**What to produce:**
What is needed is the full listing written out exactly, minus the pictures.

**Recorded data:**
+++
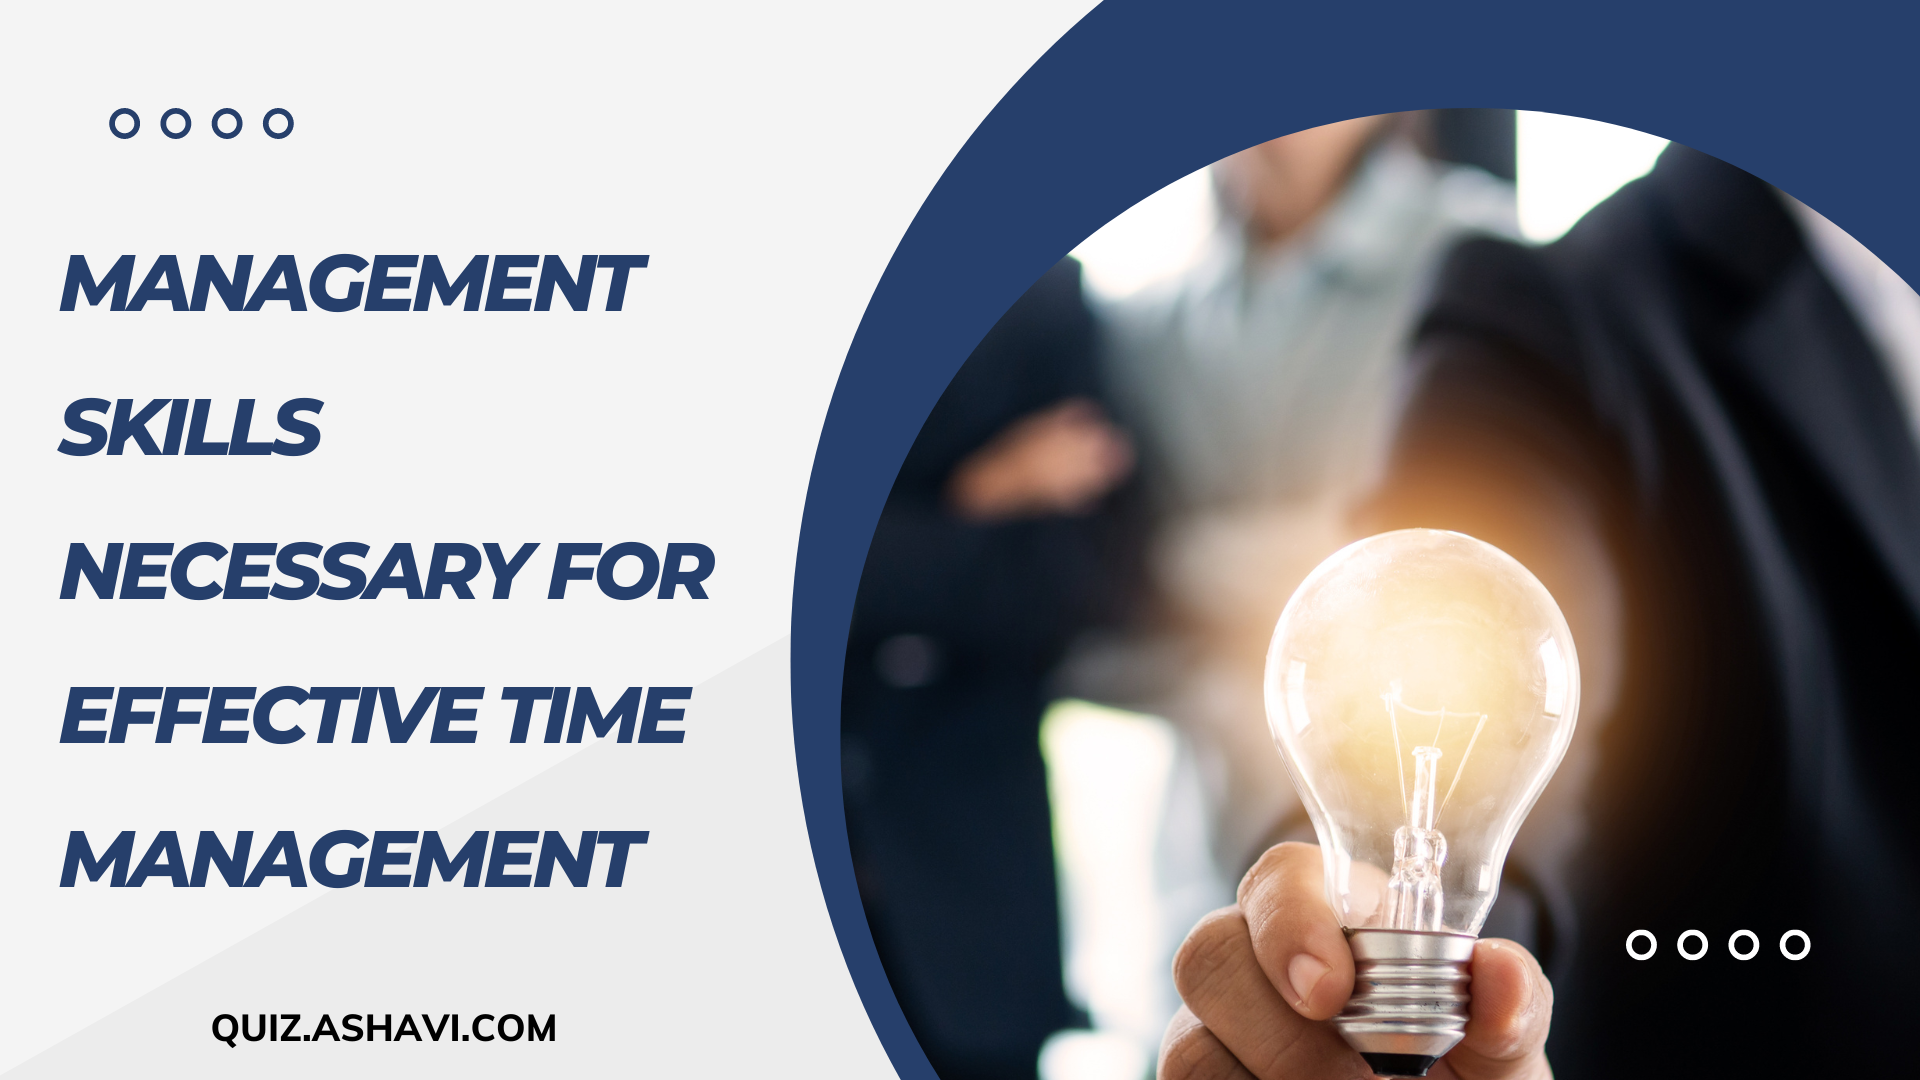 Management Skills Necessary for Effective Time Management
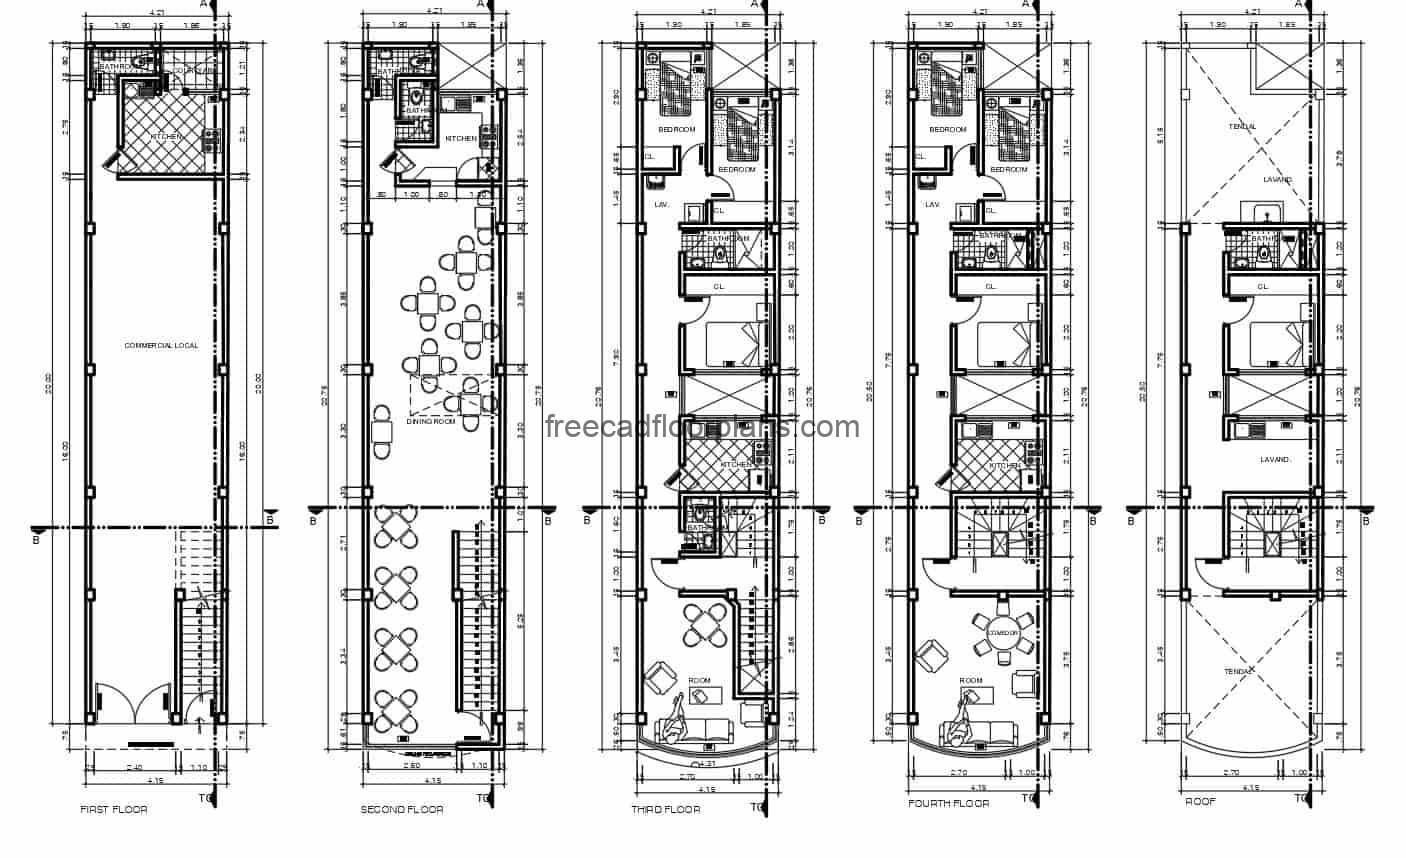 Complete architectural 2D DWG project of residential building plans of four levels in elongated contretto, architectural plans with dimensions, electrical, sanitary and structural plans, details of doors and windows, beams and columns in reinforced concrete. CAD floor plans DWG for free download
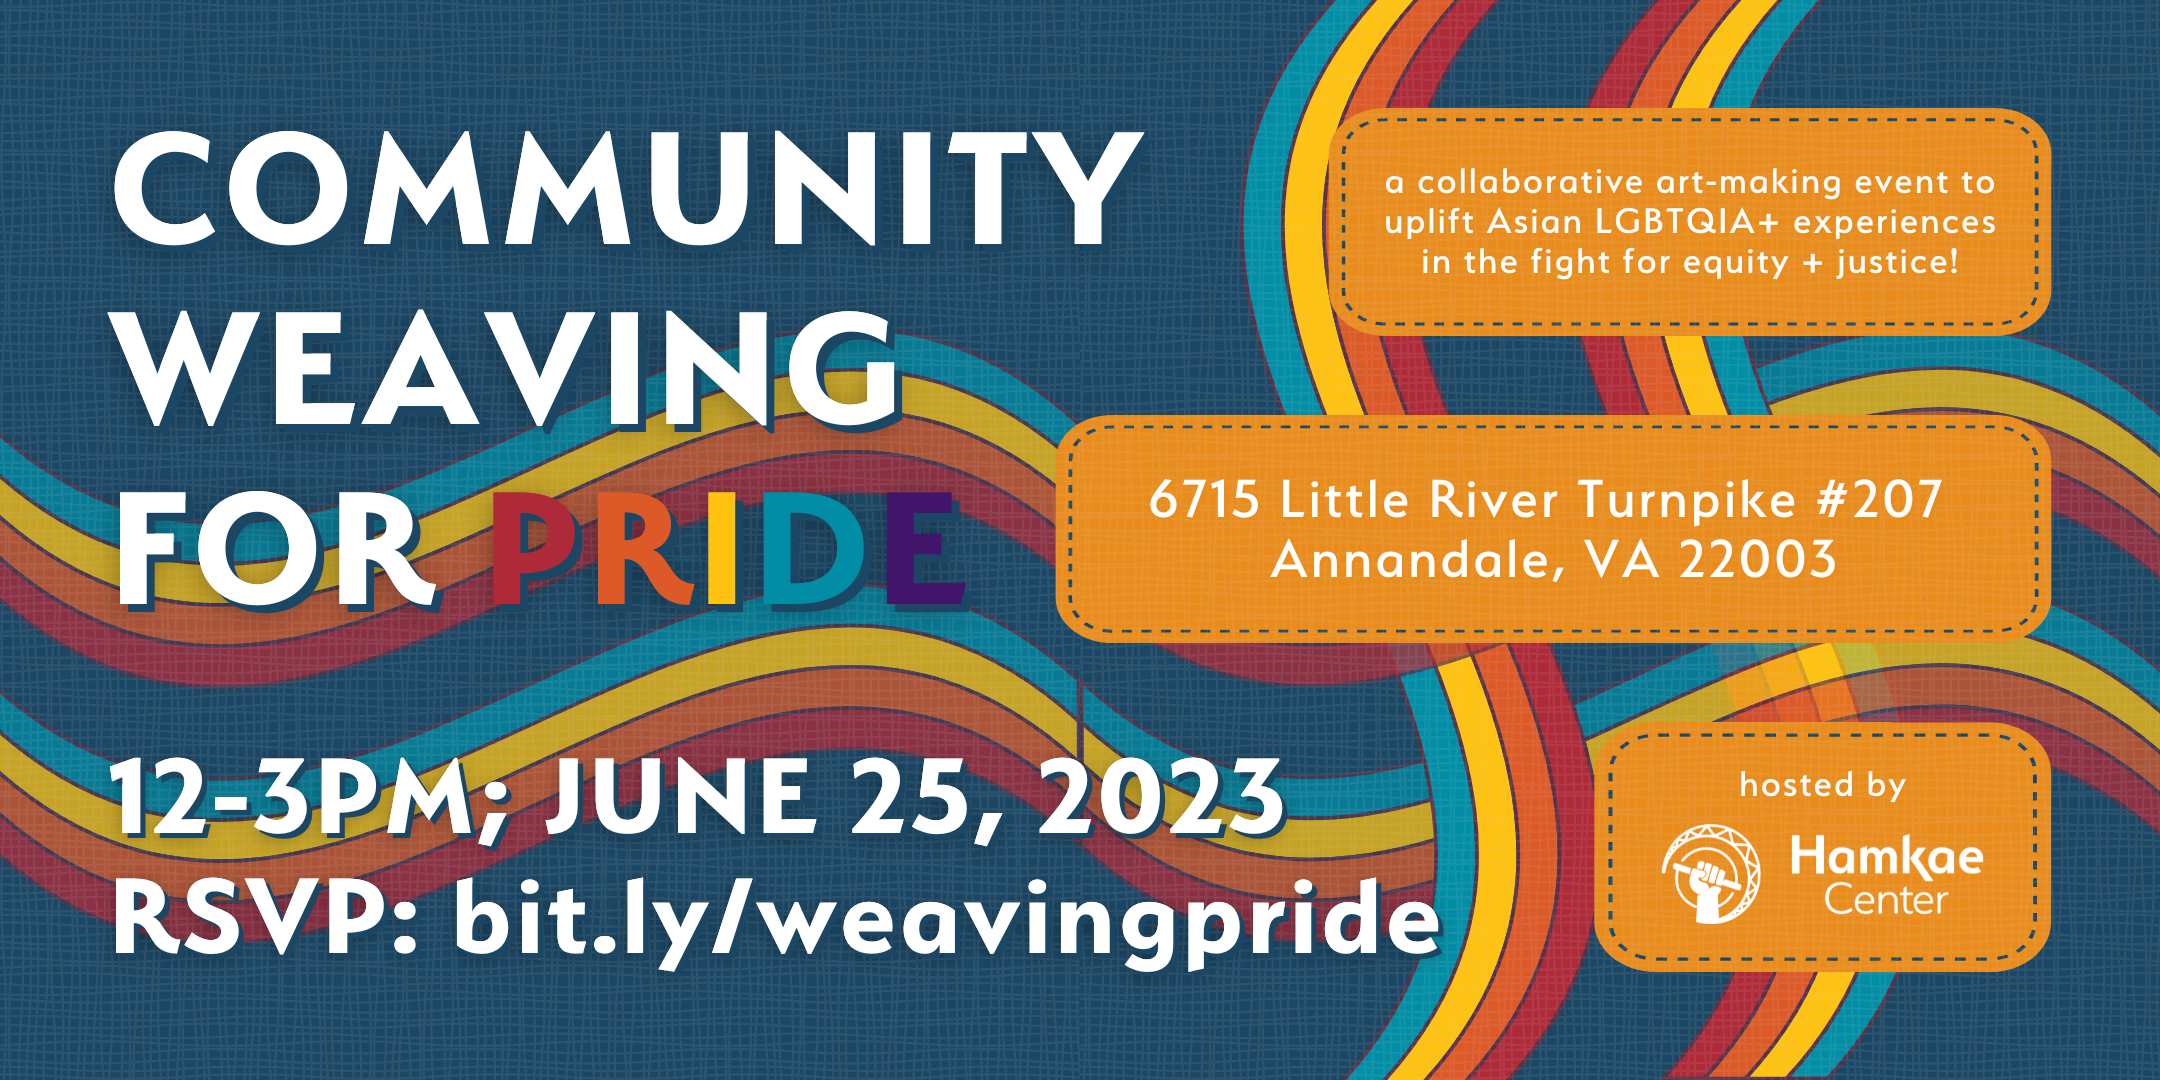 Community Weaving for Pride: a collaborative art-making event to uplift Asian LGBTQIA+ experiences in the fight for equity + justice! 6715 Little River Turnpike #207, Annandale, VA 22003 12-3pm; June 25, 2023 RSVP: bit.ly/weavingpride hosted by Hamkae Center
+++
**Worked solution:**
 Management Skills Necessary for Effective Time Management
 Complete architectural 2D DWG project of residential building plans of four levels in elongated contretto, architectural plans with dimensions, electrical, sanitary and structural plans, details of doors and windows, beams and columns in reinforced concrete. CAD floor plans DWG for free download
 Community Weaving for Pride: a collaborative art-making event to uplift Asian LGBTQIA+ experiences in the fight for equity + justice! 6715 Little River Turnpike #207, Annandale, VA 22003 12-3pm; June 25, 2023 RSVP: bit.ly/weavingpride hosted by Hamkae Center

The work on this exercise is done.